I come from an academic background. Programs I wrote in my academic career were limited in scope, and only to answer a specific question. When I switched careers, I had to think about how to set up a software project, and ask around. I know that there are quite a number of people like me, so I’d like to share some ideas that worked for me.
Here are my steps for starting a data-science project:
- Create the project directory and subdirectories
- Create a virtual environment
- Push into GitHub
Depending on your work flow, there may be other steps, such as setting up a Dockerfile to dockerize your project, or configuration files for cloud services like AWS. I won’t discuss them here.
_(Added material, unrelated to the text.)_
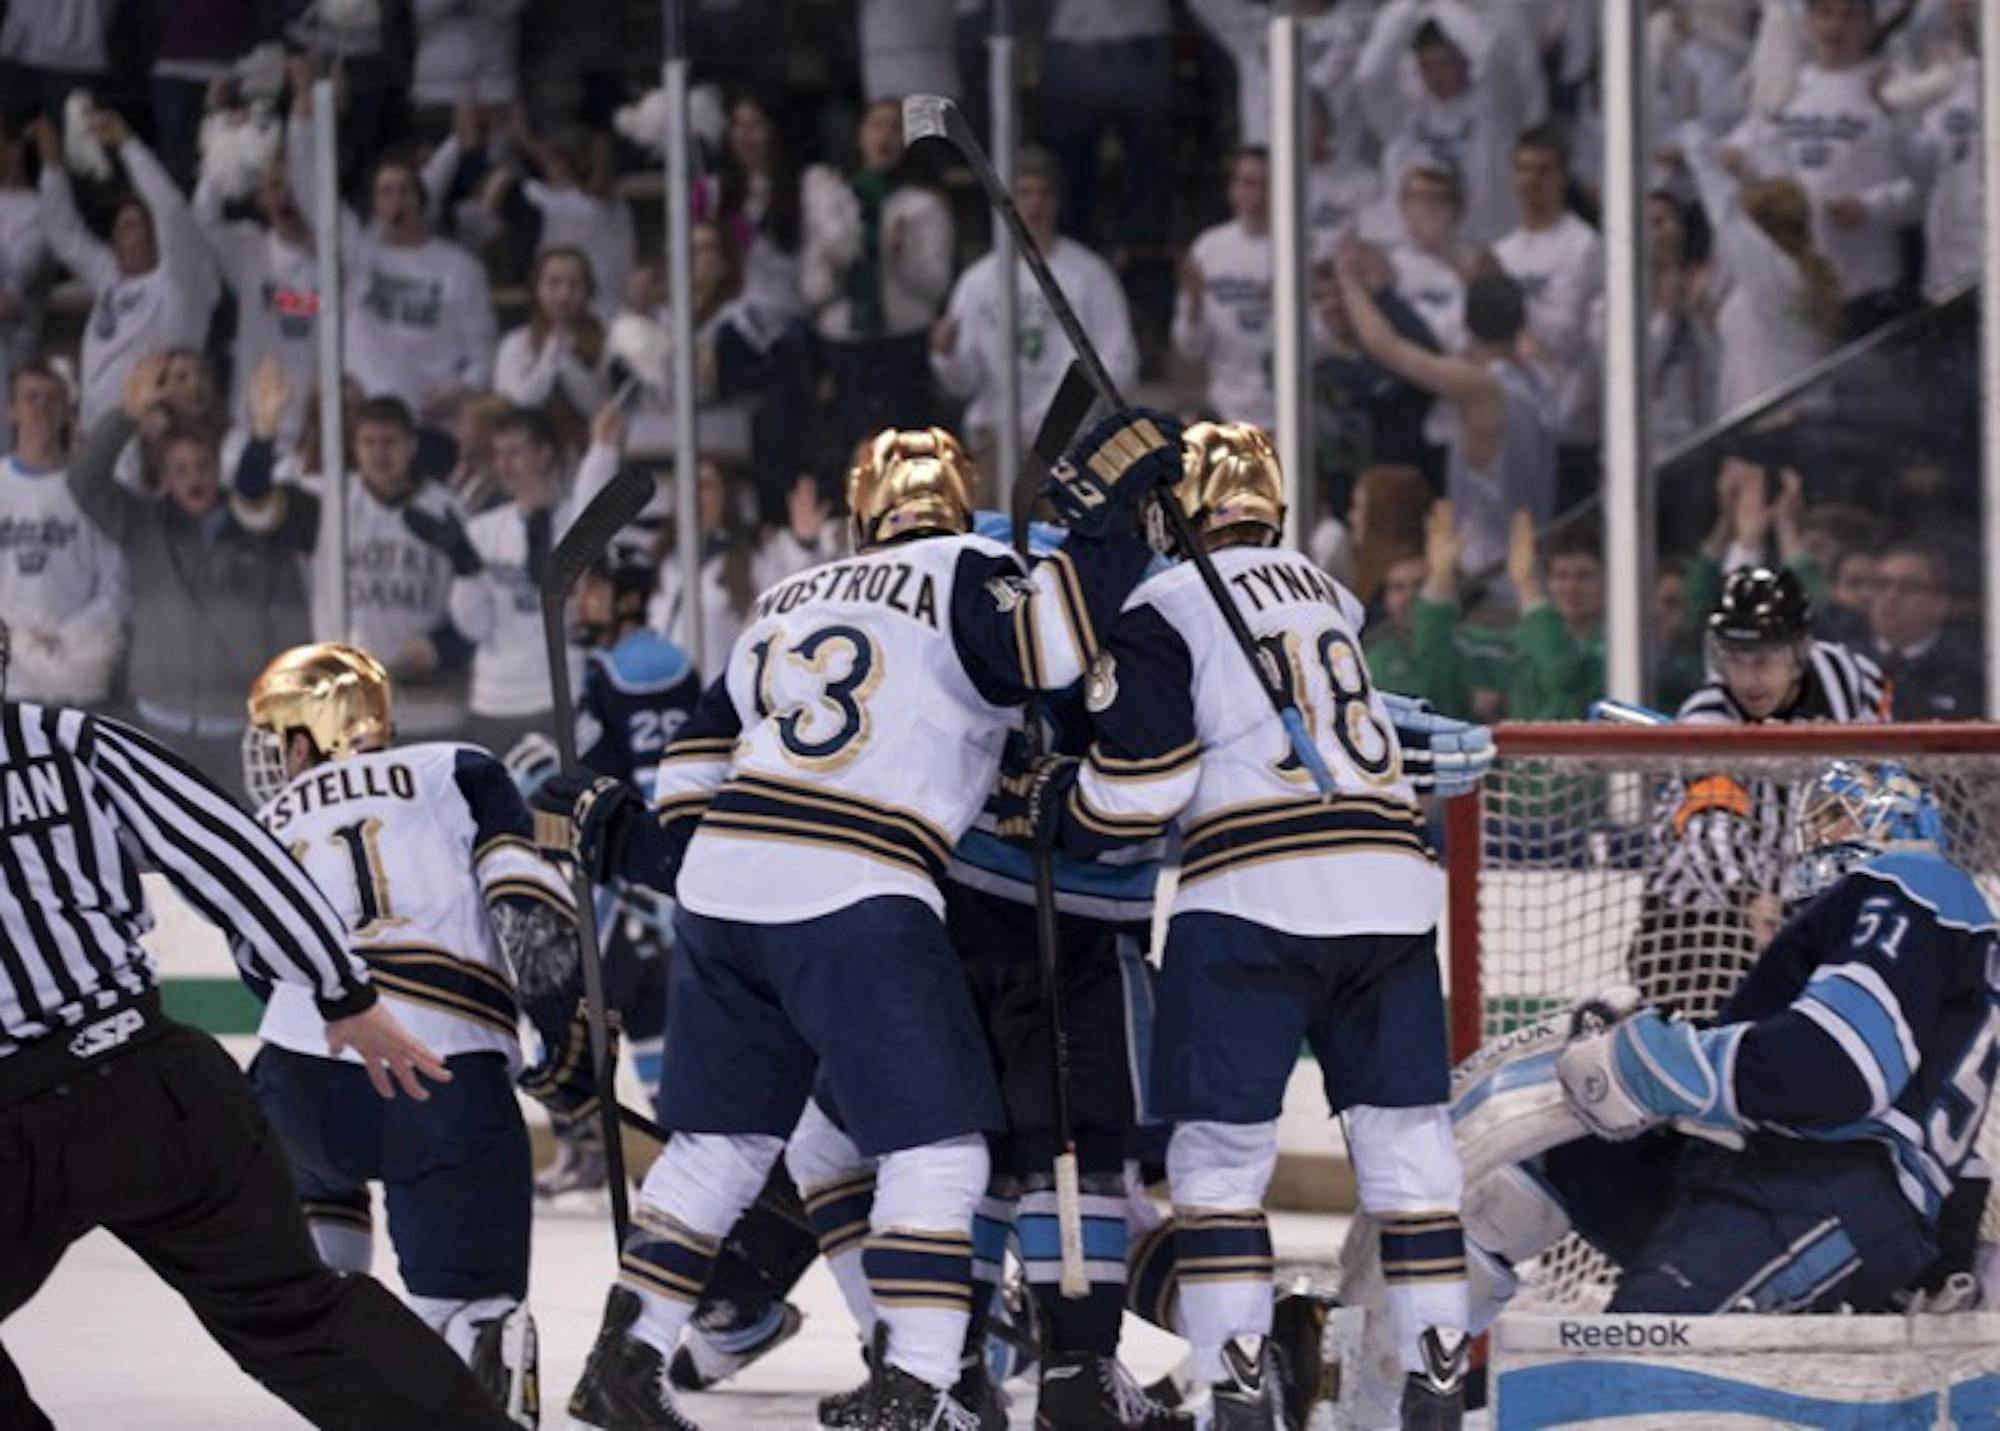 Freshman center Vince Hinostroza, center, and senior center T.J. Tynan jostle with Maine players during Maine’s 2-1 win over the Irish on Feb. 7.  A tying goal scored by senior left wing Jeff Costello was called off by the officials.

I use Linux, and the following examples use Linux terminal. I’m unable to describe these steps in other operating systems. If you use Windows, you should look up the exact commands for the tasks described here.
What is a “project”?
Early in my work as a data scientist, a seasoned SW engineer had told me “just use a virtual environment for each project”. That was puzzling for me. What is my project?
For me, the word “project” had a grand aura around it. A project would take a long time, maybe years. It would involve many people, led by a project manager. My daily work was far from that. I was just writing some Jupyter notebooks, producing source files, generating graphics for presentations. So, when my boss asks me to do a forecast of sales, how is that a “project”?
My confusion cleared up when I realized that a project doesn’t have to be a big thing, like a skyscraper, or an operating system. In fact, any task with a clear outcome and clear constraints is a project.
So, writing a program to forecast next year’s sales and generating a report is, indeed, a project. Creating a dashboard that queries the database daily and displays a graph of sales is another.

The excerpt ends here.